I often discuss with other chemist(s) about QSAR.
And sometime they told me …”QSAR is useful tool for drug discovery, but I don’t understand it. Because QSAR model (i.e. ML) is hard to understand why the compound is good ?”
Hmm, I agree his opinion.
SVM, NB, RF etc are very useful but these models are black box. So, it difficult to understand effect of substructures to the moldes.
Jürgen Bajorath et al. challenged to solve the gap and published interesting paper in J. Chem. Inf.
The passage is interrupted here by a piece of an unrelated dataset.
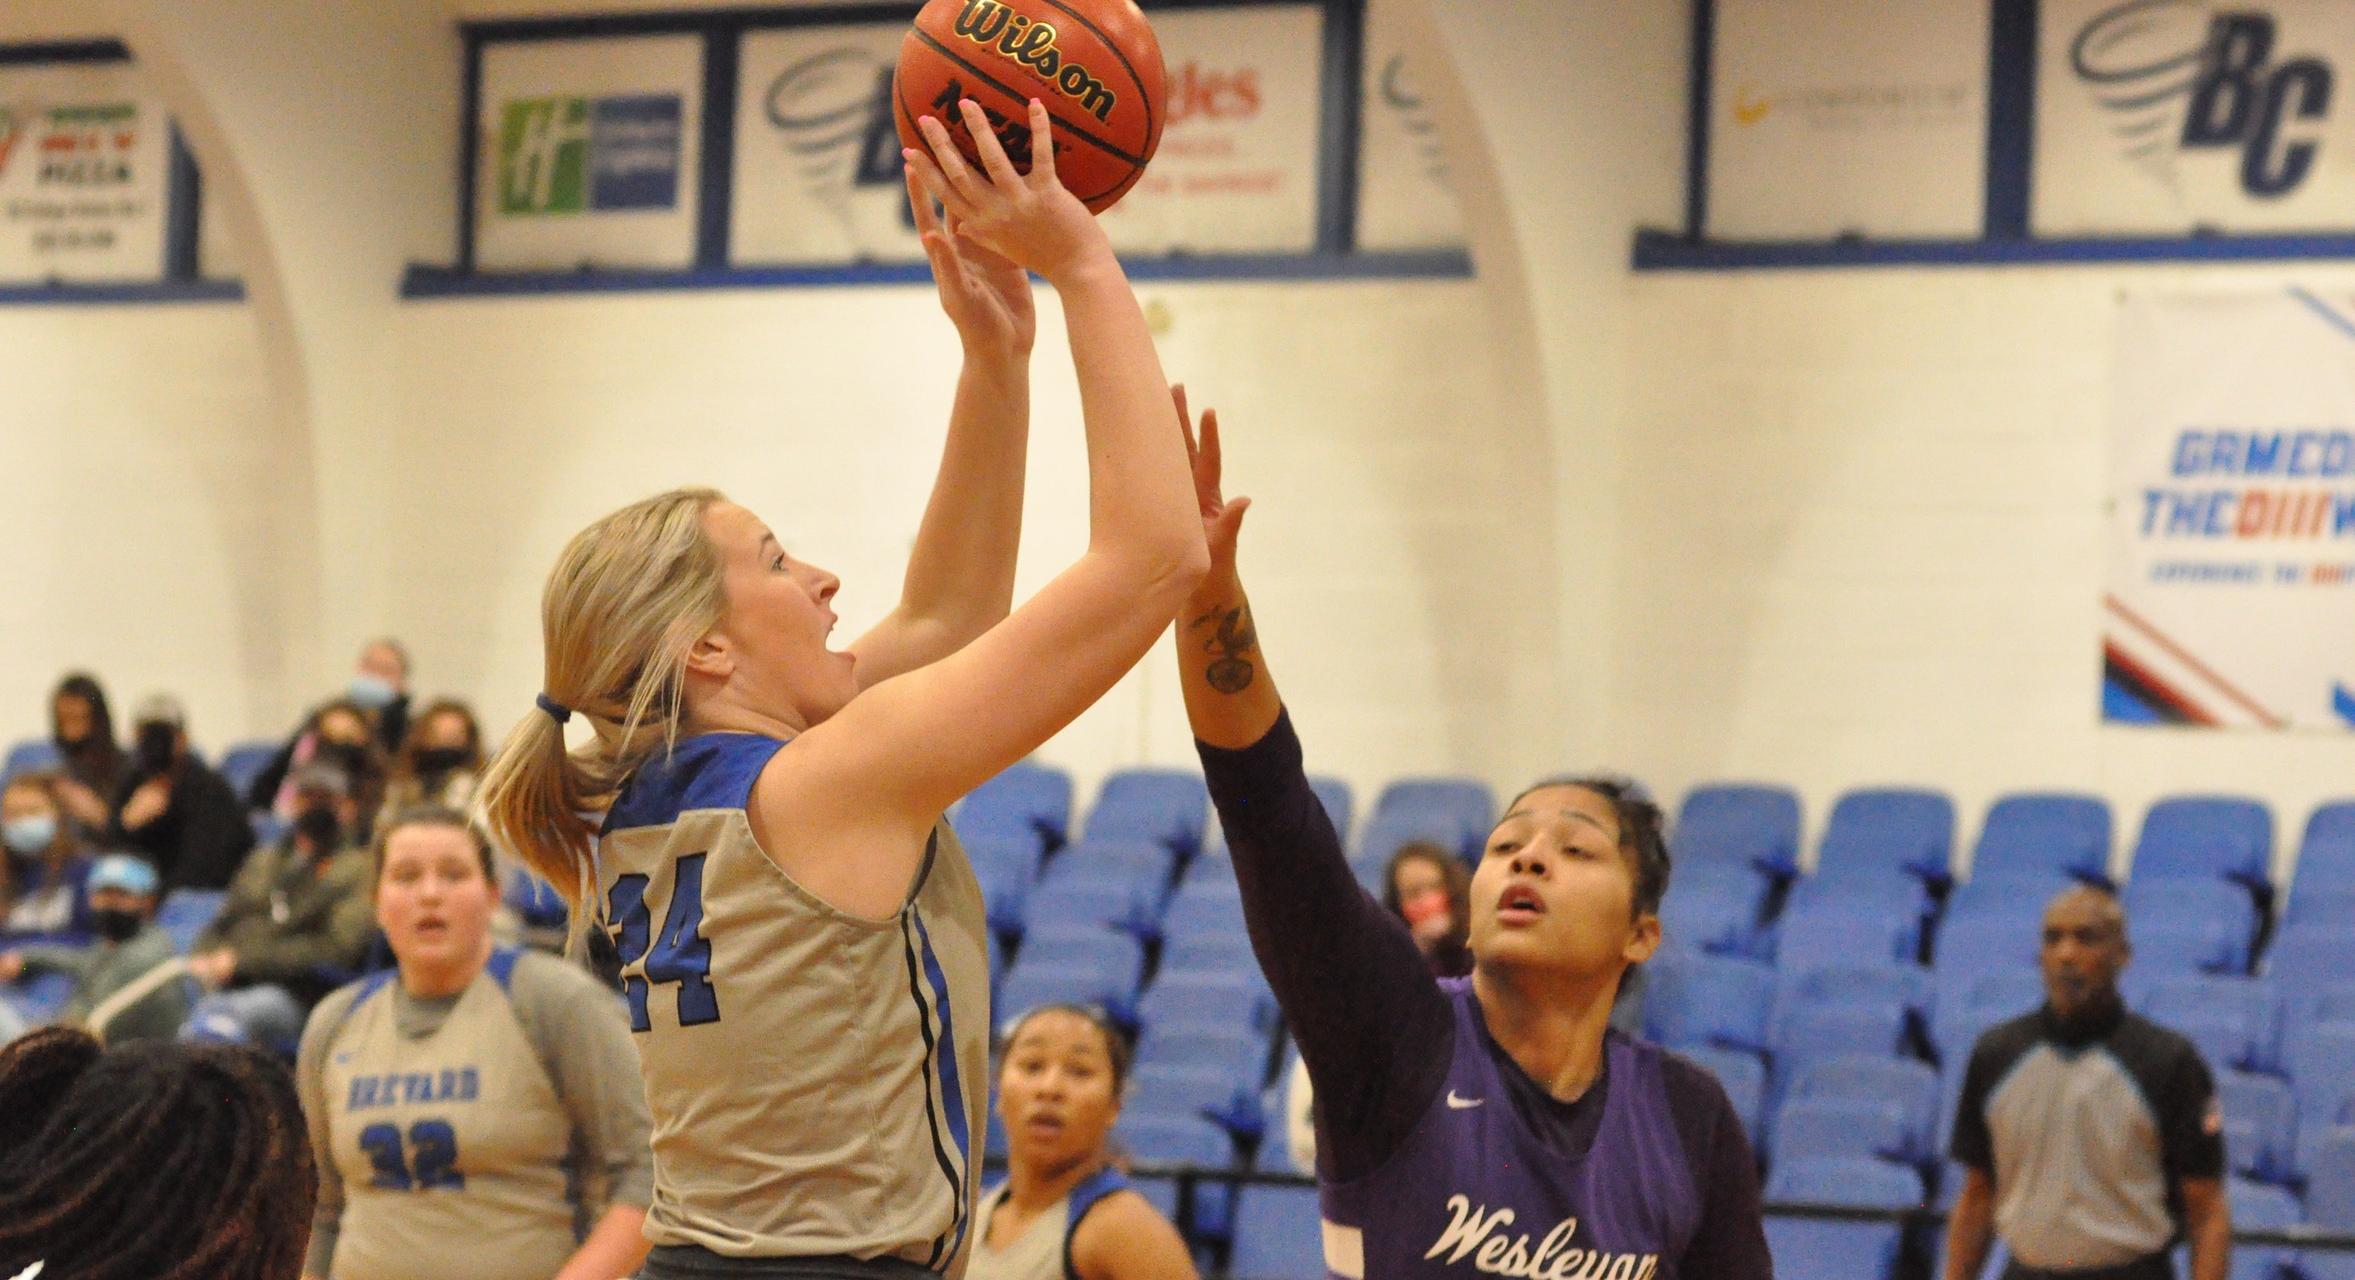 Makenna Parkins scored a career-high 27 points and blocked five shots (third-most in single-game program history) as Brevard defeated Agnes Scott, 70-52 (Photo courtesy of Tommy Moss)

Model.
They described in the paper…
understanding why a compound has undesirable ADME cahracterisitcs is just as important as knowing that it(ADME prediction) does.
I like this phrase.
They developed python library named nbvis that depend on scikitlearn and matplotlib.
The library can visualise contribution of each features of vectors.
I think the key point of the method is that the author used MACCSkeys to build model.
Because MACCSkey is easy to understand for chemist.
I wrote demo_code using RDKit.
Sample data was downloaded following ftp.
And added Class properties.(I set active flag “IC50_uM < 0.1 is active”)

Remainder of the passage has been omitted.